Omit every picture and return the rest of the data unaltered.

DATA BLOCK:
- - - - -

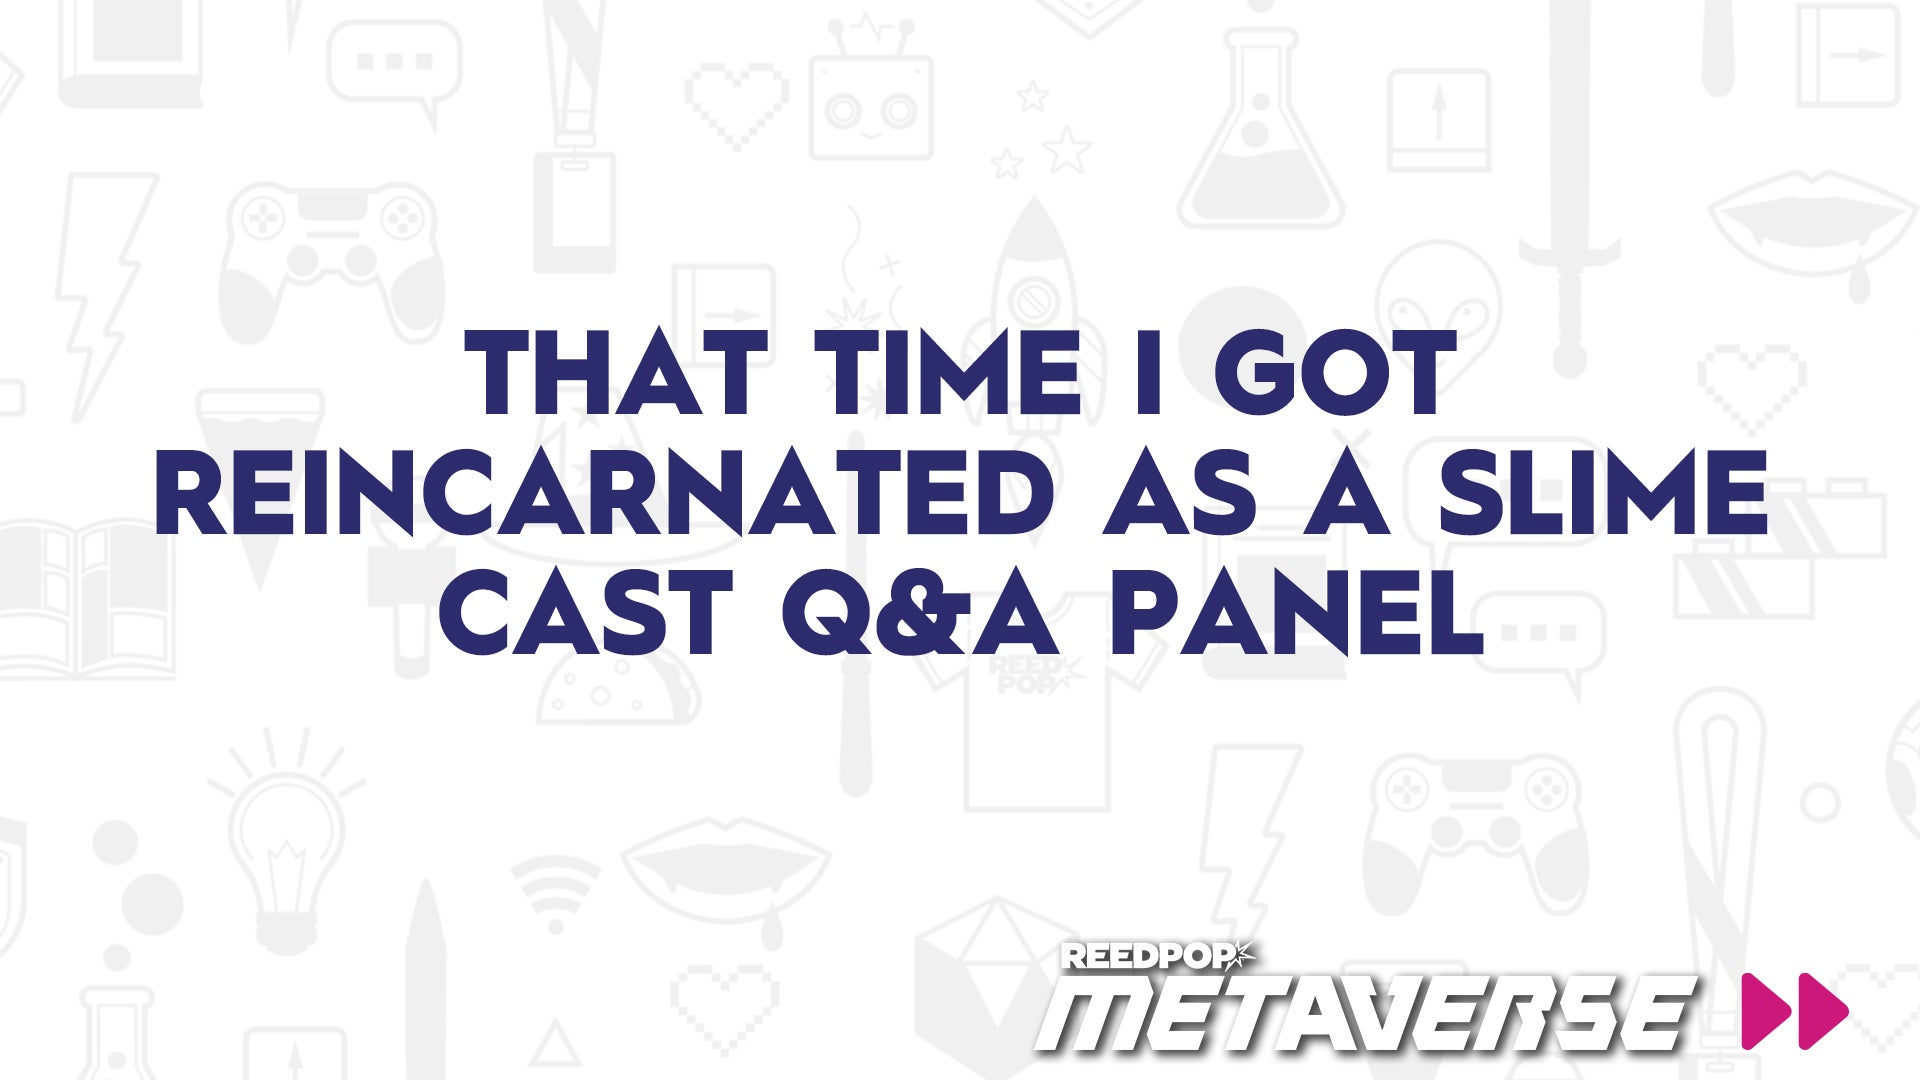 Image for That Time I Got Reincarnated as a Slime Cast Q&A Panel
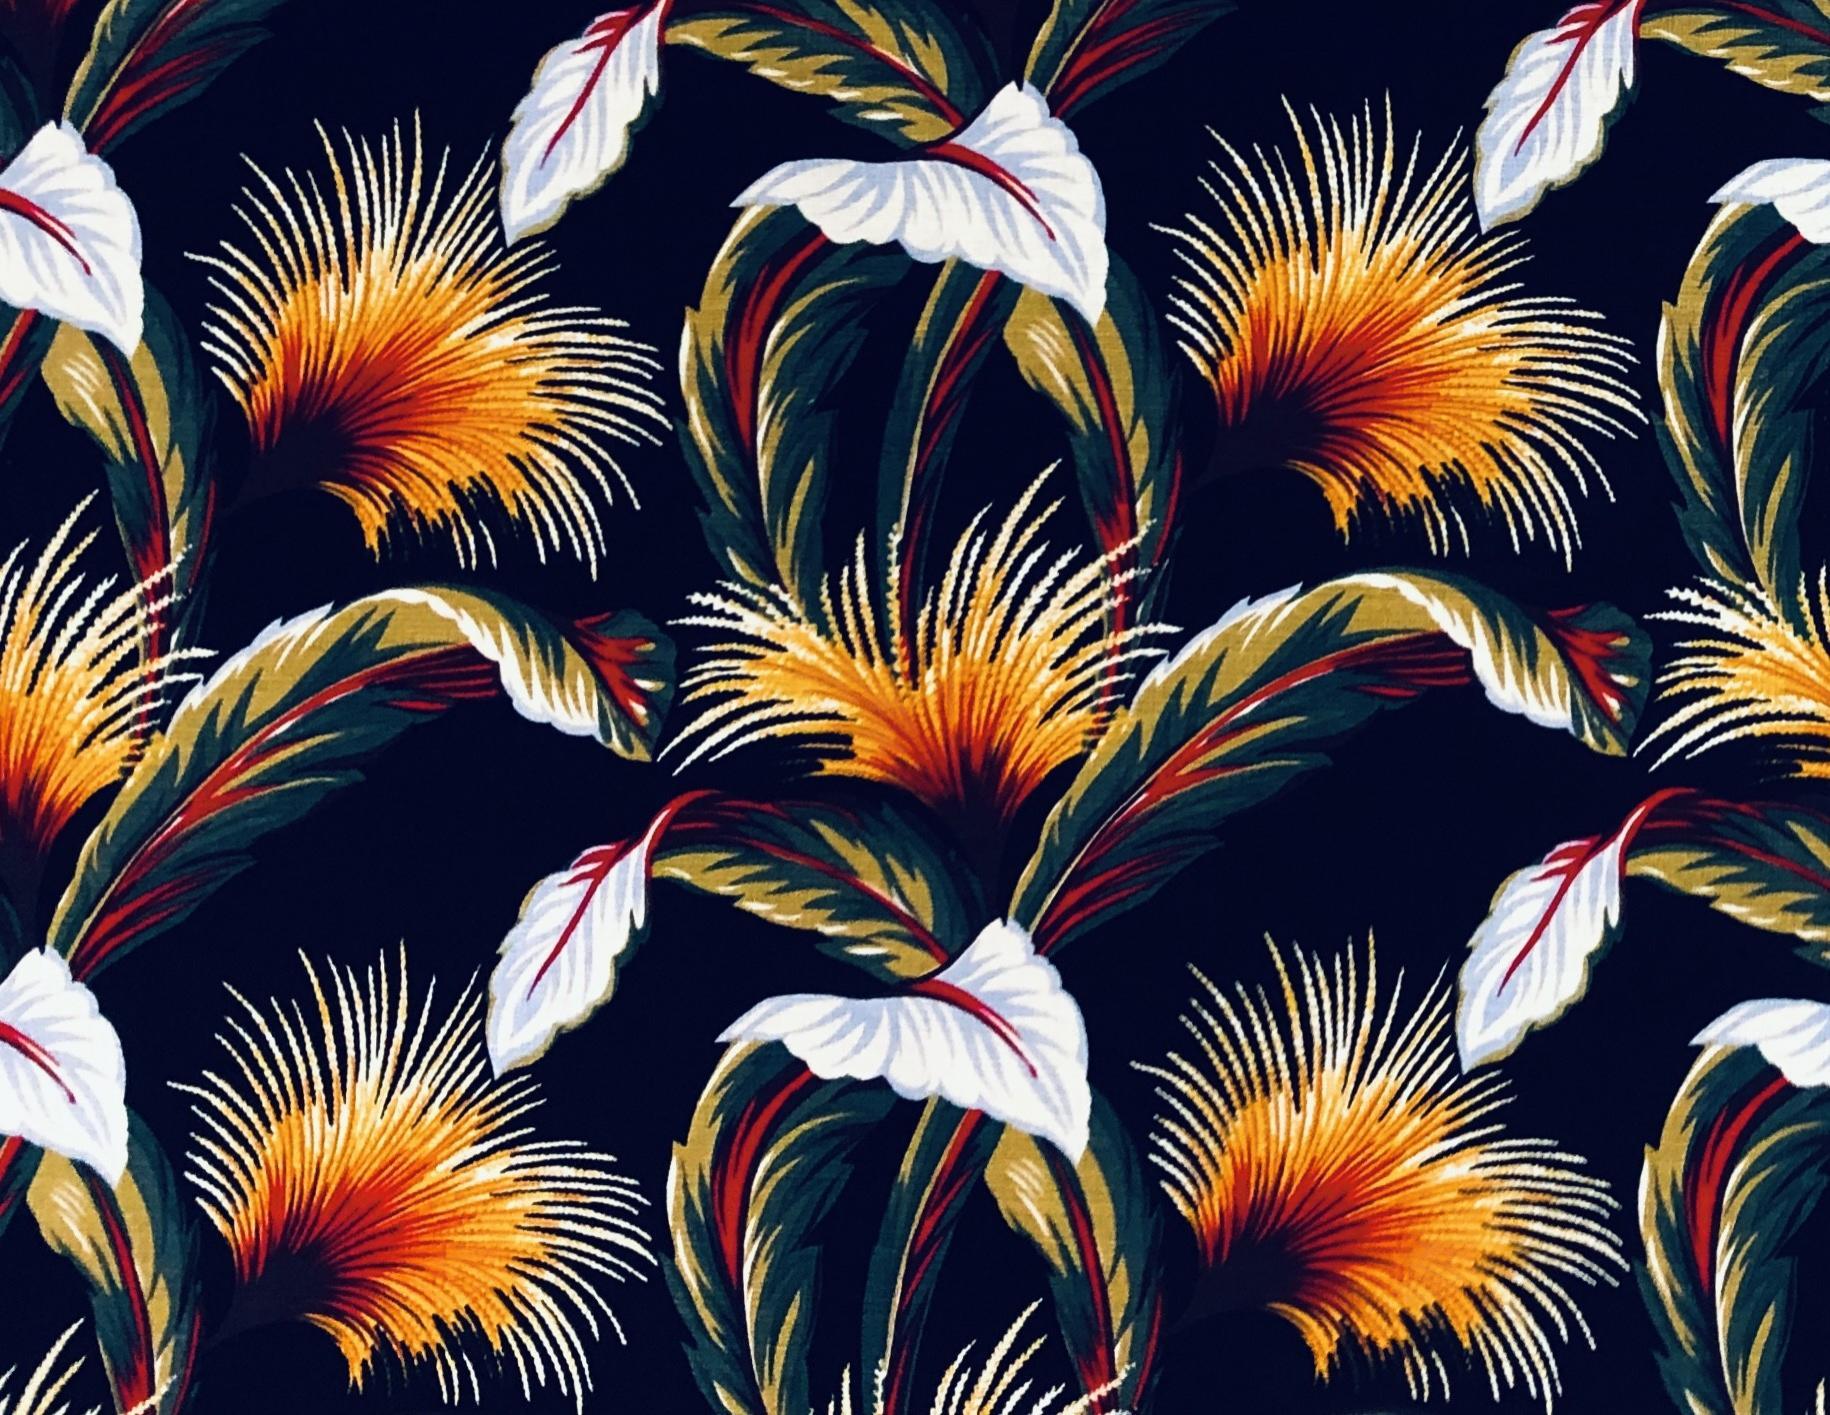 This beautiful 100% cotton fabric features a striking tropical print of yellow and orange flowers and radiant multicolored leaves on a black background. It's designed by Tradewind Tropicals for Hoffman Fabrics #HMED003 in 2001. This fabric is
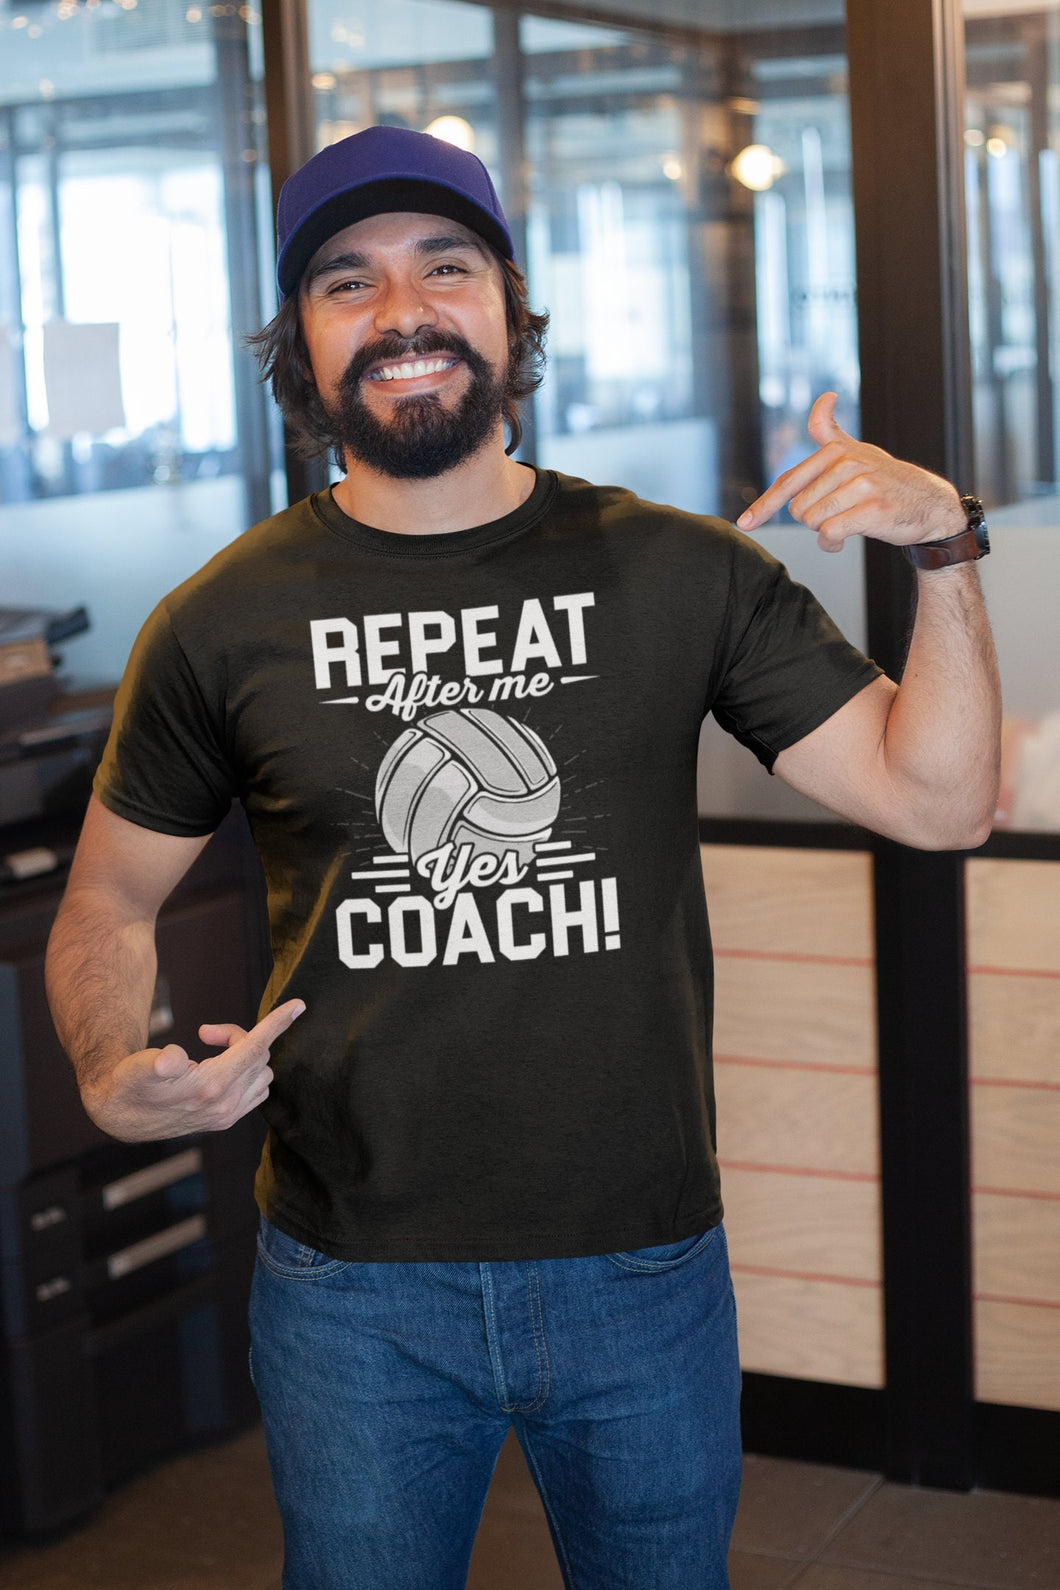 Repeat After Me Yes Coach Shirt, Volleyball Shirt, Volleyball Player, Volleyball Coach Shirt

- - - - -

TASK ANSWER:
 Image for That Time I Got Reincarnated as a Slime Cast Q&A Panel
 This beautiful 100% cotton fabric features a striking tropical print of yellow and orange flowers and radiant multicolored leaves on a black background. It's designed by Tradewind Tropicals for Hoffman Fabrics #HMED003 in 2001. This fabric is
 Repeat After Me Yes Coach Shirt, Volleyball Shirt, Volleyball Player, Volleyball Coach Shirt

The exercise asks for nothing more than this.